Question

Consider the relation \(R=\\{(a, b),(a, c),(c, b),(b, c)\\}\) on the set \(A=\\{a, b, c\\} .\) Is \(R\) reflexive? Symmetric? Transitive? If a property does not hold, say why.

Short answer

The relation \(R\) is neither reflexive nor symmetric, but it is transitive.

Step-by-step solution

Checking Reflexivity

For \(R\) to be reflexive, all elements in set \(A\) must relate to themselves, meaning the pairs \((a,a)\), \((b,b)\) and \((c,c)\) must be in \(R\). Upon checking, these pairs are absent, so \(R\) is not reflexive.

Checking Symmetry

For \(R\) to be symmetric, if any pair \((a,b)\) is in \(R\), then the pair \((b,a)\) must also be in \(R\). The pairs \((a,b)\) and \((b,a)\) are not both present. Similarly, \((a,c)\) and \((c,a)\) are also not both present. Thus, \(R\) is not symmetric.

Checking Transitivity

For \(R\) to be transitive, if \((a,b)\) and \((b,c)\) are in \(R\), then \((a,c)\) must also be in \(R\). Checking the pairs, \((a,b)\), \((b,c)\) and \((a,c)\) are in \(R\), meaning \(R\) is transitive.

Key concepts

Reflexivity

Understanding the concept of reflexivity in relations is fundamental in mathematics. A relation is considered reflexive if every element relates to itself. In other words, for a set A, each element a in A needs to include the pair (a, a) in the relation for it to be reflexive.

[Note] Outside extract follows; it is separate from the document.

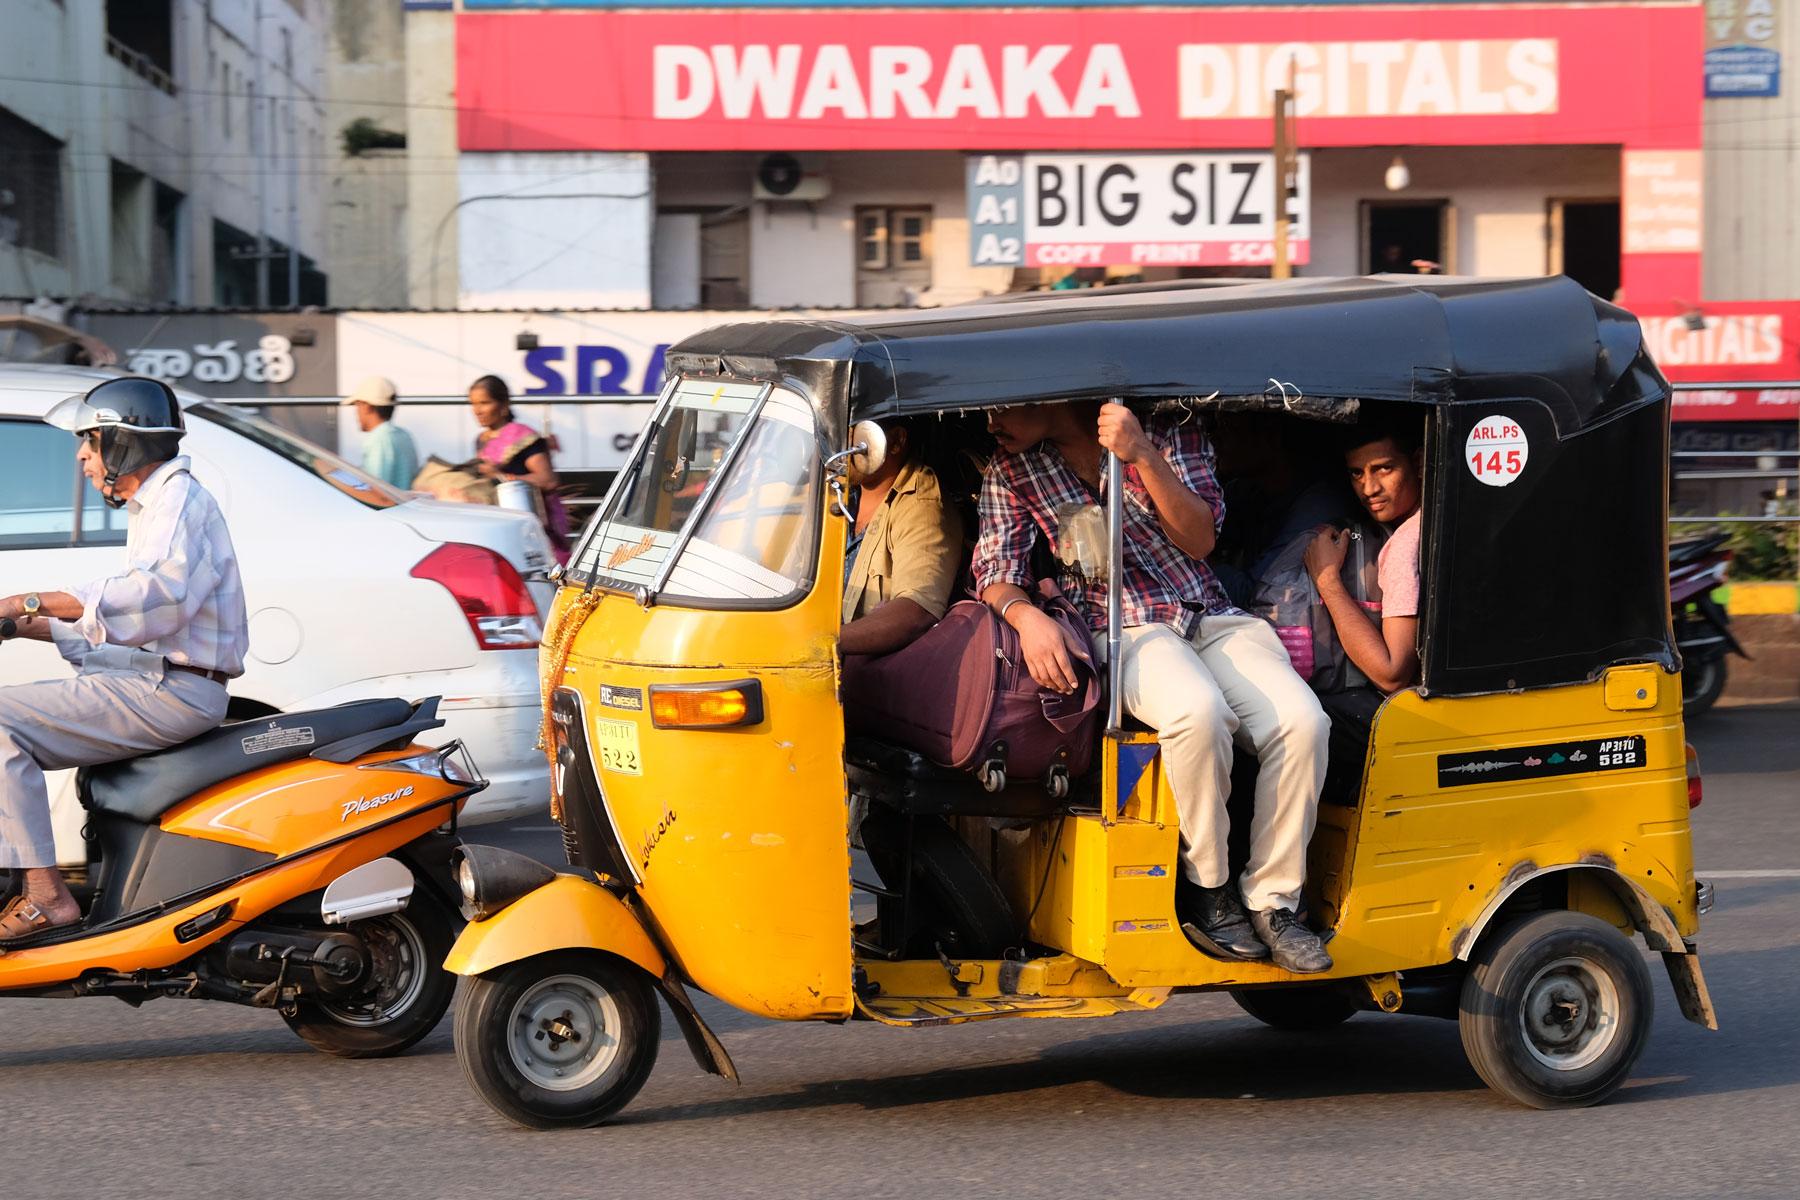 Menschen in einem Tuk Tuk in Visakhapatnam.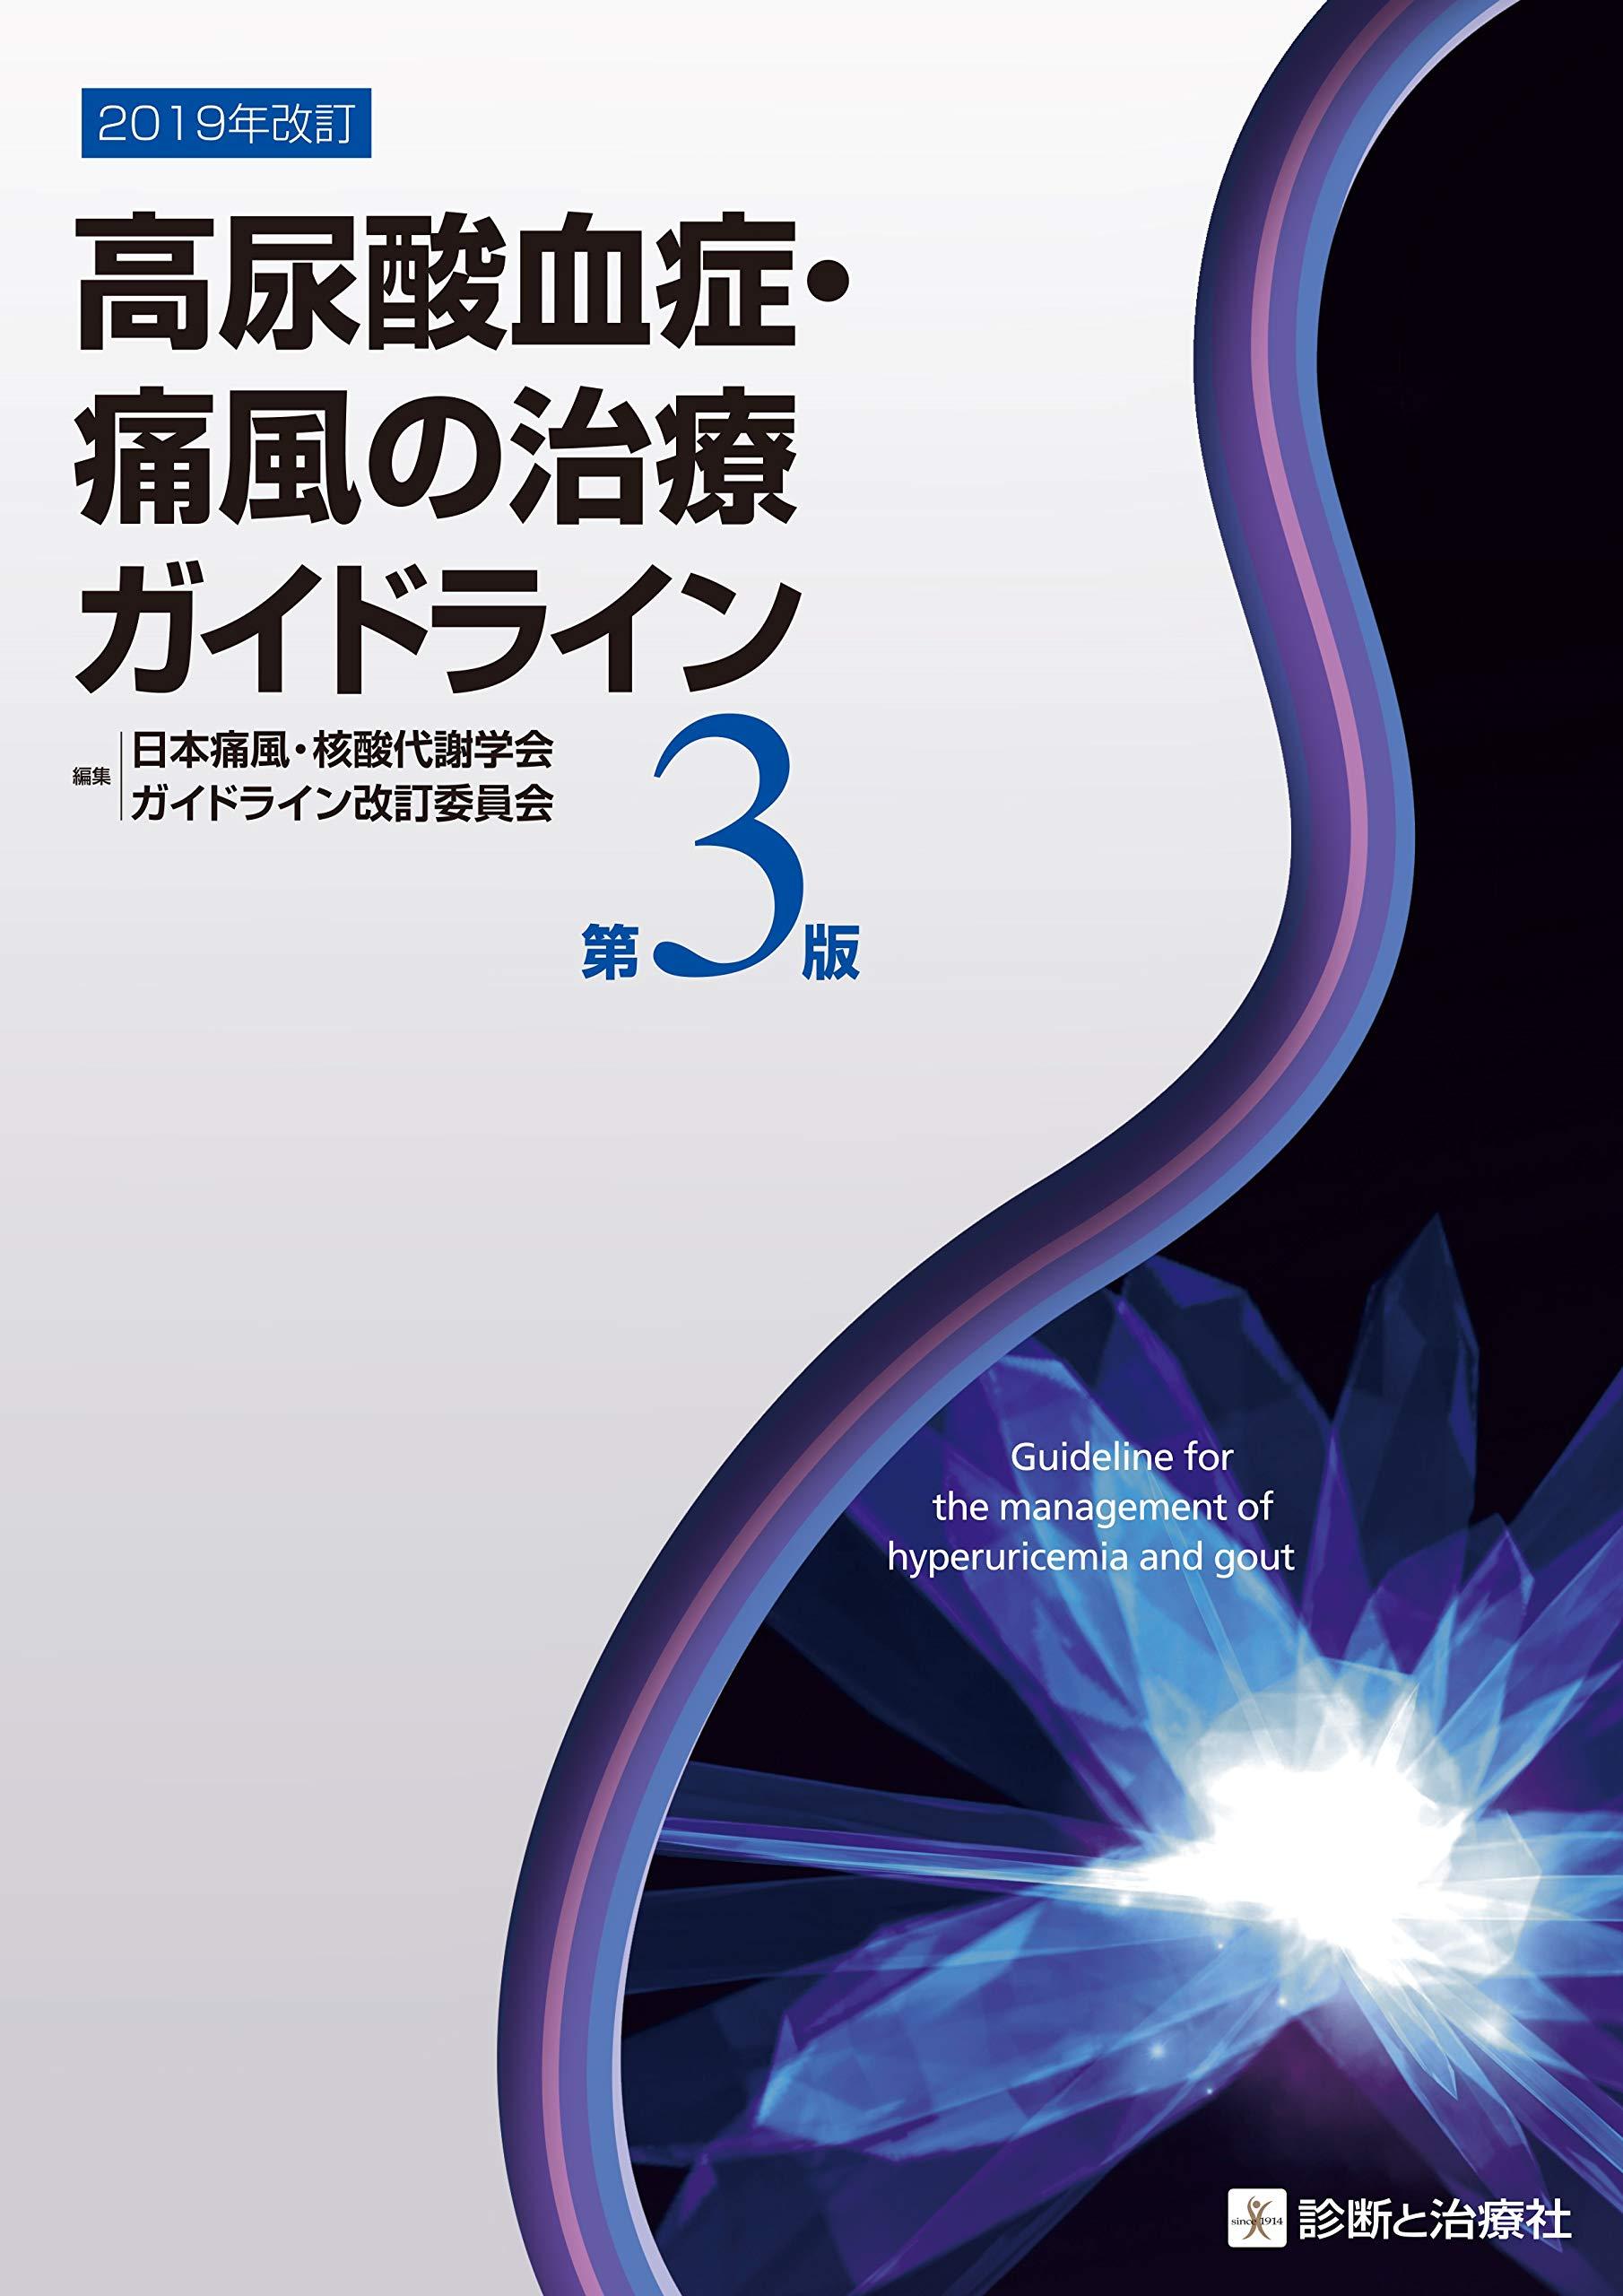 20181228_高尿酸血症・痛風の治療ガイドライン第3版 2019年改訂(久留 一郎)

For instance, let's take the relation R on the set A ={a, b, c}. To test for reflexivity, we look for the presence of the pairs (a, a), (b, b), and (c, c) in R. If even one of these pairs is missing, the relation cannot be classified as reflexive. In our exercise, since none of these pairs appear in the given relation R, it fails to meet the criteria for reflexivity. This is a helpful tip for quickly identifying non-reflexive relations in homework problems or exams.

Symmetry

The symmetry property in the context of relations requires that for every pair (a, b) in a relation R, the inverse pair (b, a) should also be in R. Symmetry is about balance; whatever is applicable in one direction should be applicable in the opposite direction as well.

In our exercise, the relation R includes pairs like (a, b), but lacks the corresponding (b, a). This absence indicates that R is not symmetric. A good trick to remember is that symmetric relations are like mirrors reflecting pairs; each pair should be flanked by its mirror image within the relation set. Remembering this can save time when you're trying to quickly determine if a relation exhibits symmetry.

Transitivity

Transitivity is another cornerstone in understanding relations. A relation is considered transitive if, whenever it includes pairs (a, b) and (b, c), it also contains the pair (a, c). It is a property that ensures consistency in the sequence of related elements.

Looking at the given relation R from our exercise, we see it has (a, b) and (b, c). Since it also includes (a, c), we can confirm that R is transitive. Recognizing transitivity helps in creating logical links in a sequence of elements and is crucial for making sound mathematical arguments. Monitoring these patterns can greatly enhance problem-solving skills in algebra and beyond.